I urge, then, first of all, that petitions, prayers, intercession and thanksgiving be made for all people – for kings and all those in authority, that we may live peaceful and quiet lives in all godliness and holiness (1 Timothy 2:1-2).
It is clear from the Apostle Paul’s writing that we are to pray for all leaders in government, including those who may not be Christians. But can we vote for them?
Theologian Wayne Grudem writes in Politics According to the Bible, “Christians should support the candidates who best represent moral and political values consistent with biblical teaching, no matter what his or her religious background or convictions.”
There are many biblical examples of God bringing non-believers to work alongside His people to further His purpose:
• Genesis 41:37-57 -- God used Pharaoh to establish Joseph in a position of authority in Egypt.

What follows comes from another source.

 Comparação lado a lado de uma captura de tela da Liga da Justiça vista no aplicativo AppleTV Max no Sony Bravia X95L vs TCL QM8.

• 1 Kings 5:1-12 -- Hiram, king of Tyre, helped Solomon build the Temple.
• Daniel 2:46-49 -- Nebuchadnezzar placed Daniel and his Jewish friends in positions of high authority in Babylon.

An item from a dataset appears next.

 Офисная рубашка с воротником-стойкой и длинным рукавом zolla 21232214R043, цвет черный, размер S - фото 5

• Isaiah 45:16 -- Cyrus, king of Persia, restored the Jewish exiles to Israel.
This working together with non-believers is called co-belligerence. Christian apologist Francis Schaeffer writes, “A co-belligerent is a person with whom I do not agree on all sorts of vital issues, but who, for whatever reasons of their own, is on the same side in a fight for some specific issue of public justice.”
There are many other examples of co-belligerence. William Wilberforce joined with non-believers to abolish the slave trade in England. Our country’s Christian founding fathers joined with their non-Christian counterparts, men like Jefferson and Franklin, to establish the foundations of a new nation.

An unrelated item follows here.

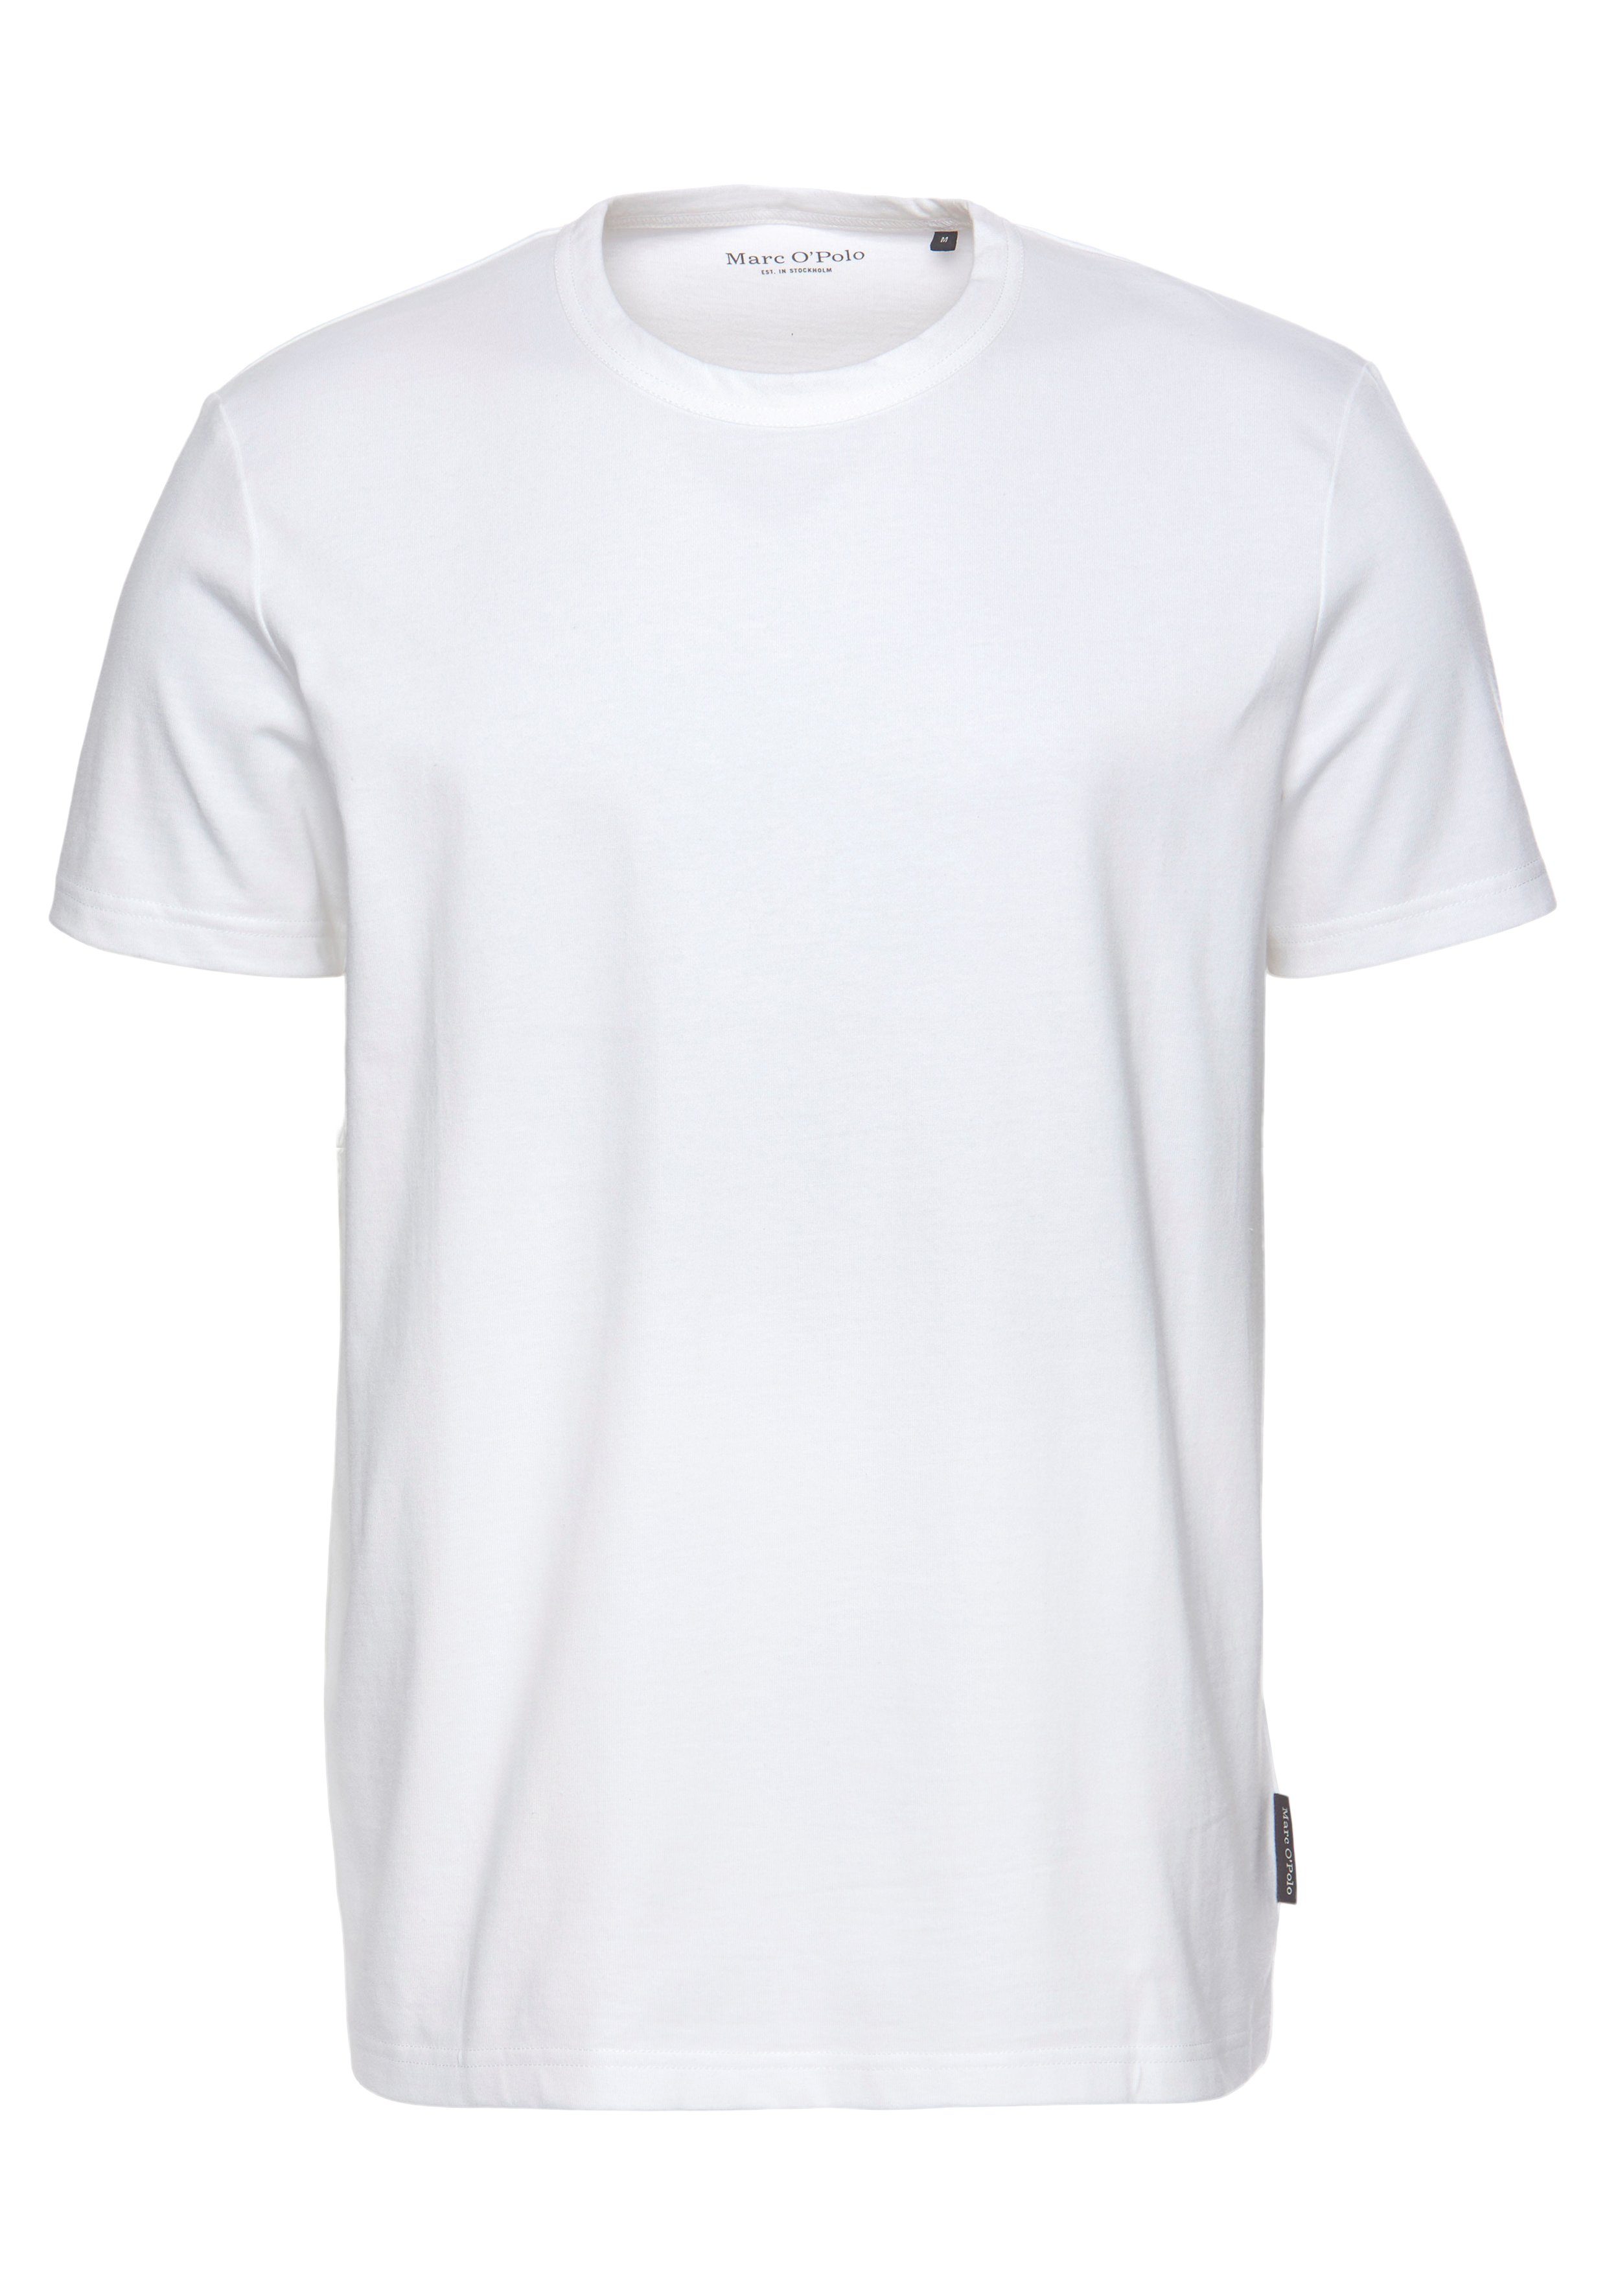 white Regular Baumwolle aus Rundhals-T-Shirt O'Polo T-Shirt Marc hochwertiger

There will be times that God calls us to engage in co-belligerence for the furtherance of His Kingdom. We may be required to vote for a non-Christian to help us accomplish God’s design for our time.
Al Mohler, president of The Southern Baptist Theological Seminary, writes: “We must be honest and acknowledge that there are non-Christians or non-evangelicals who share far more of our worldview and policy concerns than some others who identify as Christians. The stewardship of our vote demands that we support those candidates who most clearly and consistently share our worldview and combine these commitments with the competence to serve both faithfully and well.”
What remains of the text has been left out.